Aku berjalan keluar kamarku tanpa menyalakan lampu. Membiarkan kondisi kamarku, ruang keluarga, dan dapur tetap dalam keadaan gelap. Aku tak ingin membangunkan siapapun.

'Biasanya Mama simpan obat dimana ya?' tanyaku dalam hati.

Aku mencari-cari kotak obat di sekitar dapur. Mengobrak-abrik lemari yang berada di sana. Mencari-cari hingga setiap sisi dan sudut dapur. Setelah beberapa menit mencari, tak kunjung kutemukan pula keberadaan kotak obat tersebut. Akhirnya aku memutuskan untuk mencarinya di ruang keluarga. Namun, saat kakiku telah menginjak area ruang keluarga, langkahku tiba-tiba terhenti.

Tubuhku membeku seketika. Bulu kudukku pun berdiri. Suasana seketika begitu senyap dan dingin. Ada seseorang di ruang keluarga. Astaga kalau saja aku tak bermimpi buruk tadi aku tak akan menjadi takut seperti ini. Kuberanikan diri untuk menyalakan lampu. Begitu lampu menyala dan menerangi ruangan, aku pun dapat bernapas lega. Ternyata Mama rupanya sedang tidur di sofa ruang keluarga. Eh, tunggu dulu!

'Mama ngapain tidur di sini?' 

Saat itu aku mendekatkan diri ke tempat Mama berada. Niatku ingin membangunkan Mama. Aku kira Mama ketiduran di ruang keluarga. Namun begitu melihat wajah Mama kuurungkan niatku. Mata Mama terlihat sangat bengkak, sepertinya Mama habis menangis.
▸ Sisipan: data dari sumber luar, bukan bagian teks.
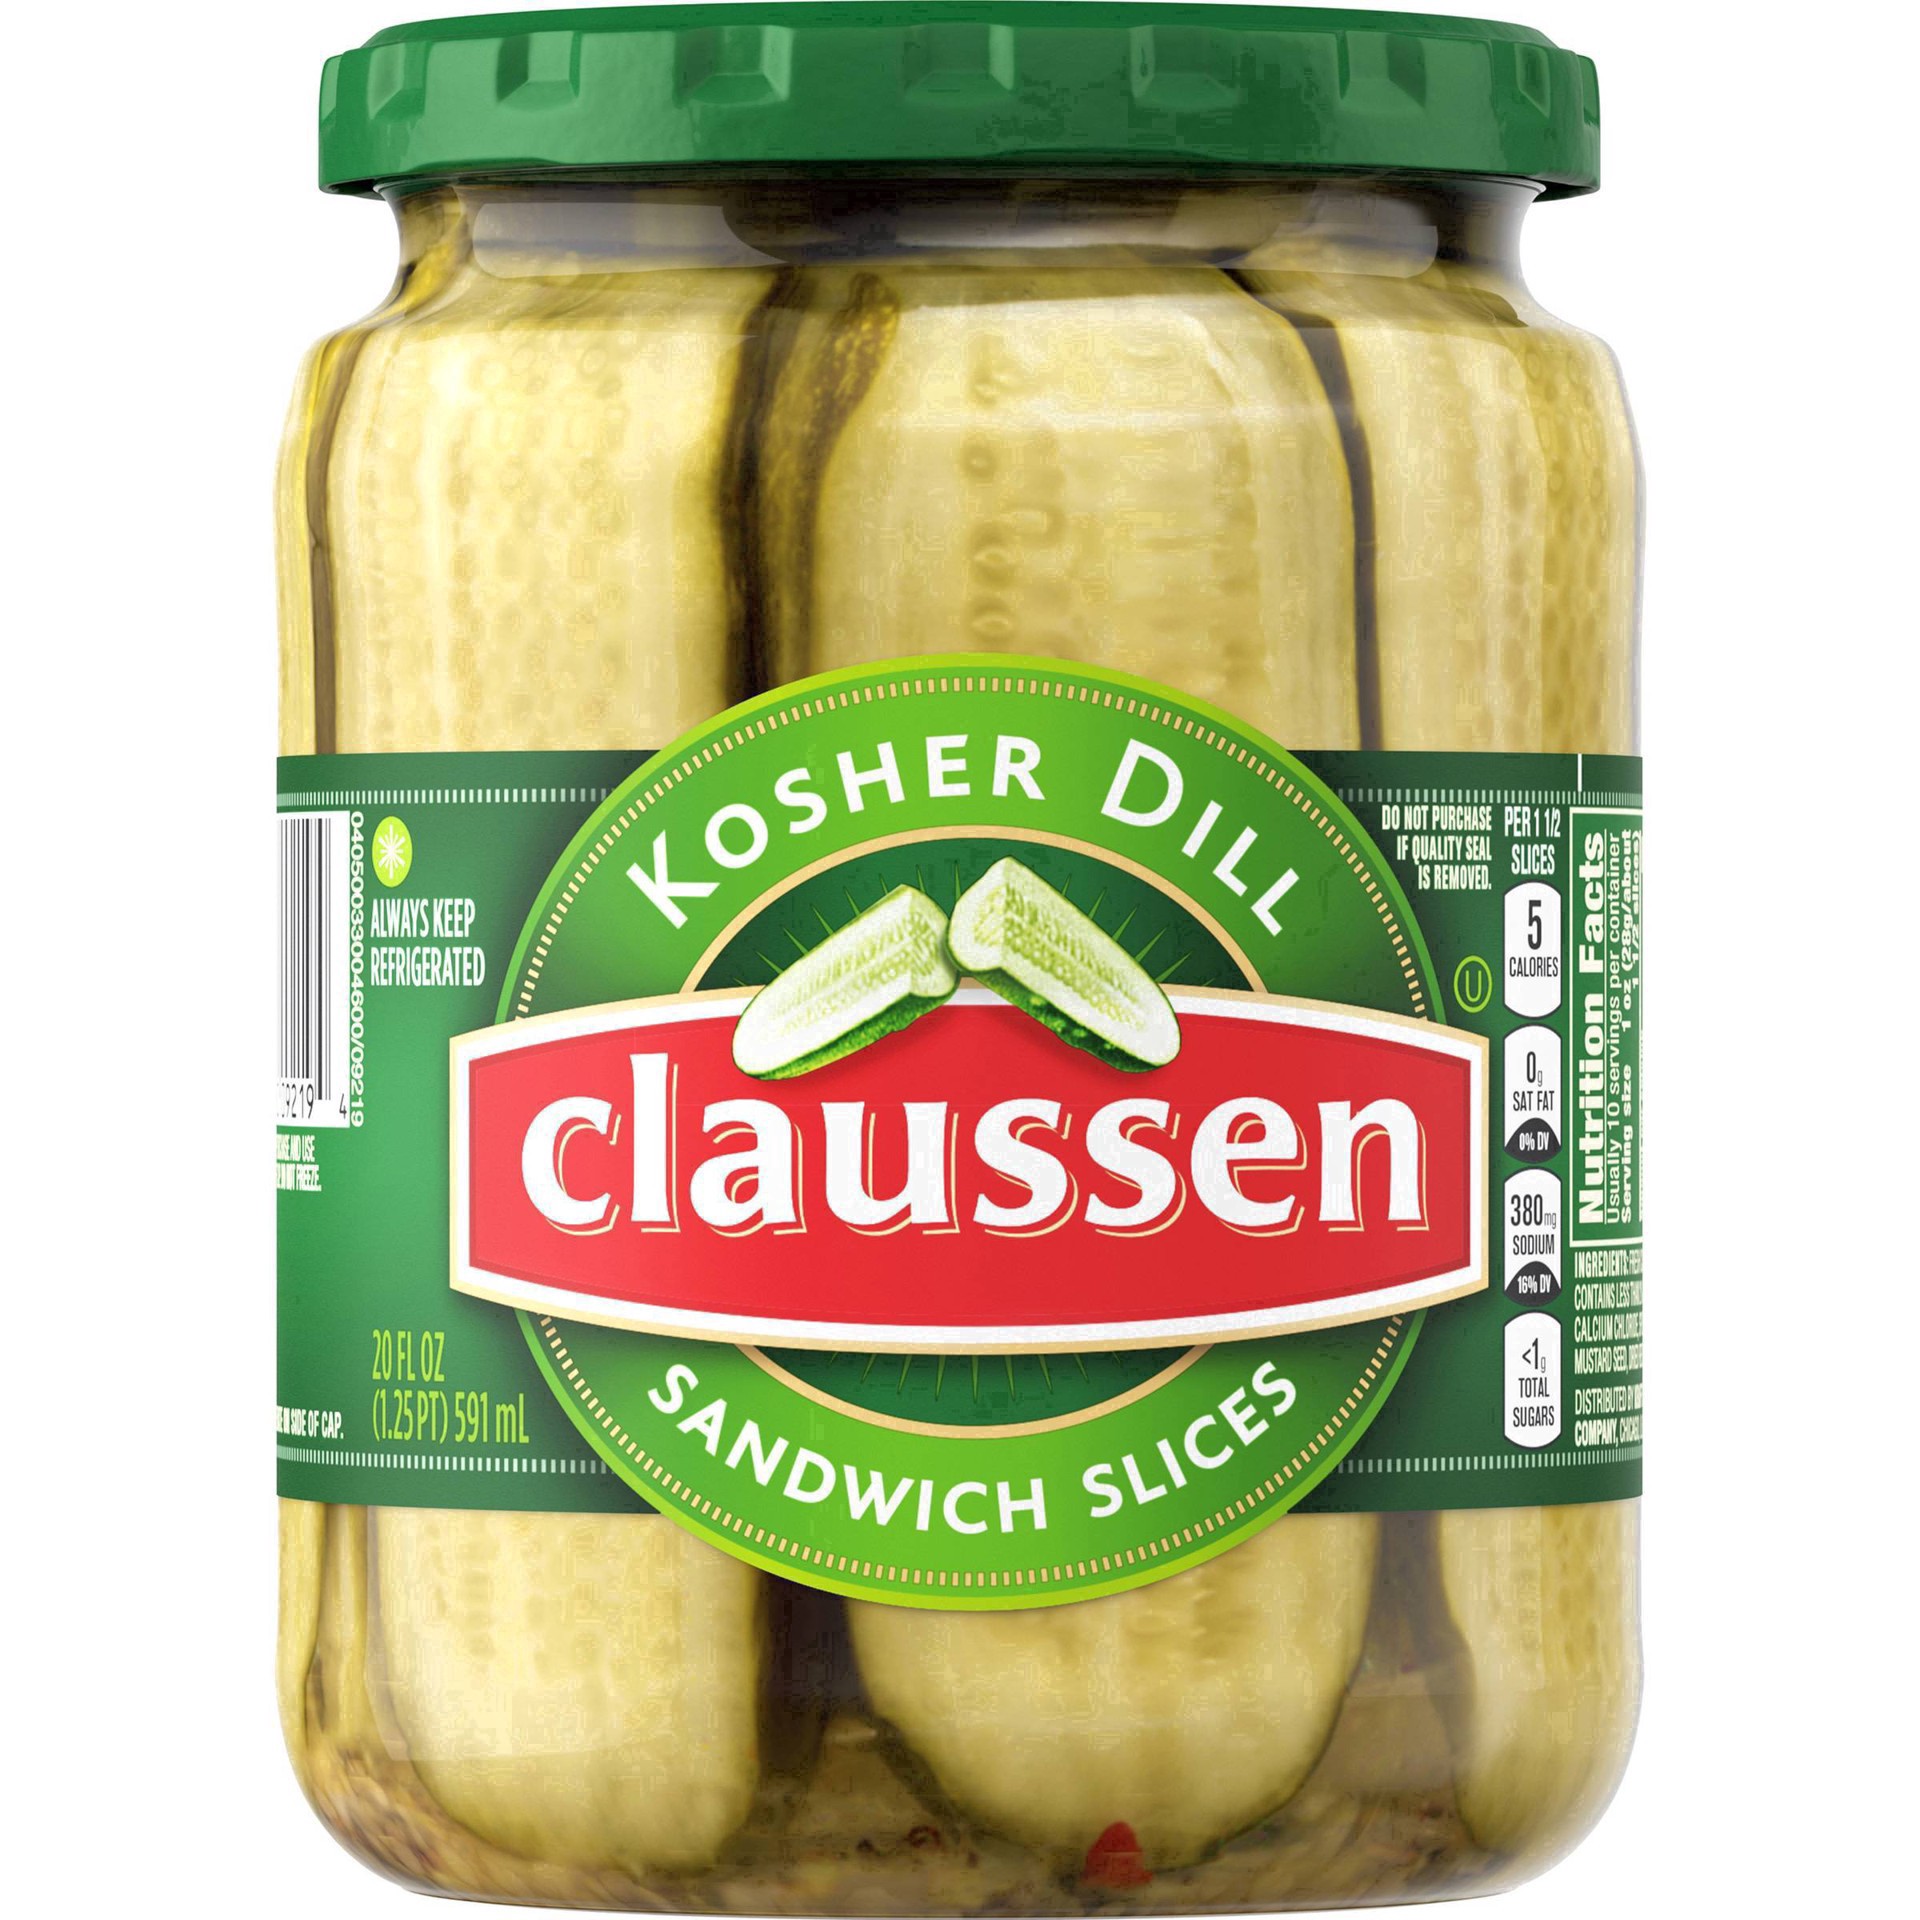 slide 55 of 144, Claussen Kosher Dill Pickle Sandwich Slices, 20 fl. oz. Jar, 20 fl oz
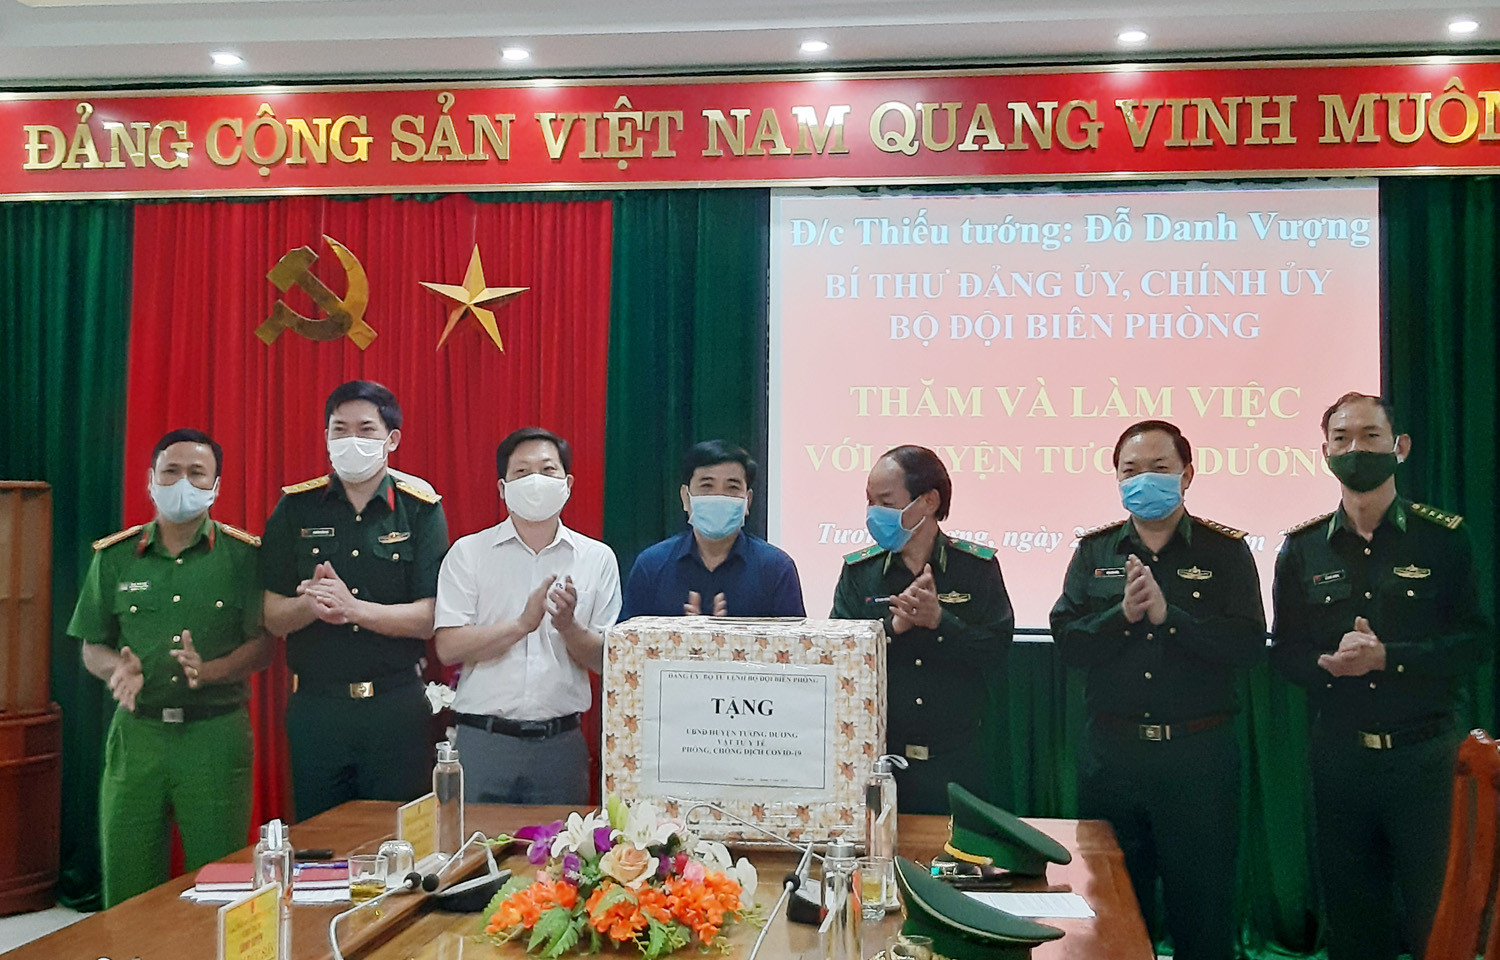 Thiếu tướng Đỗ Danh Vượng và Đại tá Lê Như Cương tặng quà cho huyện Tương Dương.

Dugaanku itu pun diperkuat dengan keberadaan sapu tangan Mama yang berada di atas meja. Sapu tangan itu basah dan berlendir.

Selain sapu tangan yang berada di atas meja, ada benda lain yang menarik perhatianku. Sebuah gelas dan bungkus obat tergeletak di sana. Aku pun mengambil bungkus obat tersebut.

'CTM?'

Ku alihkan tatapanku pada Mama. "Mama sakit apa?"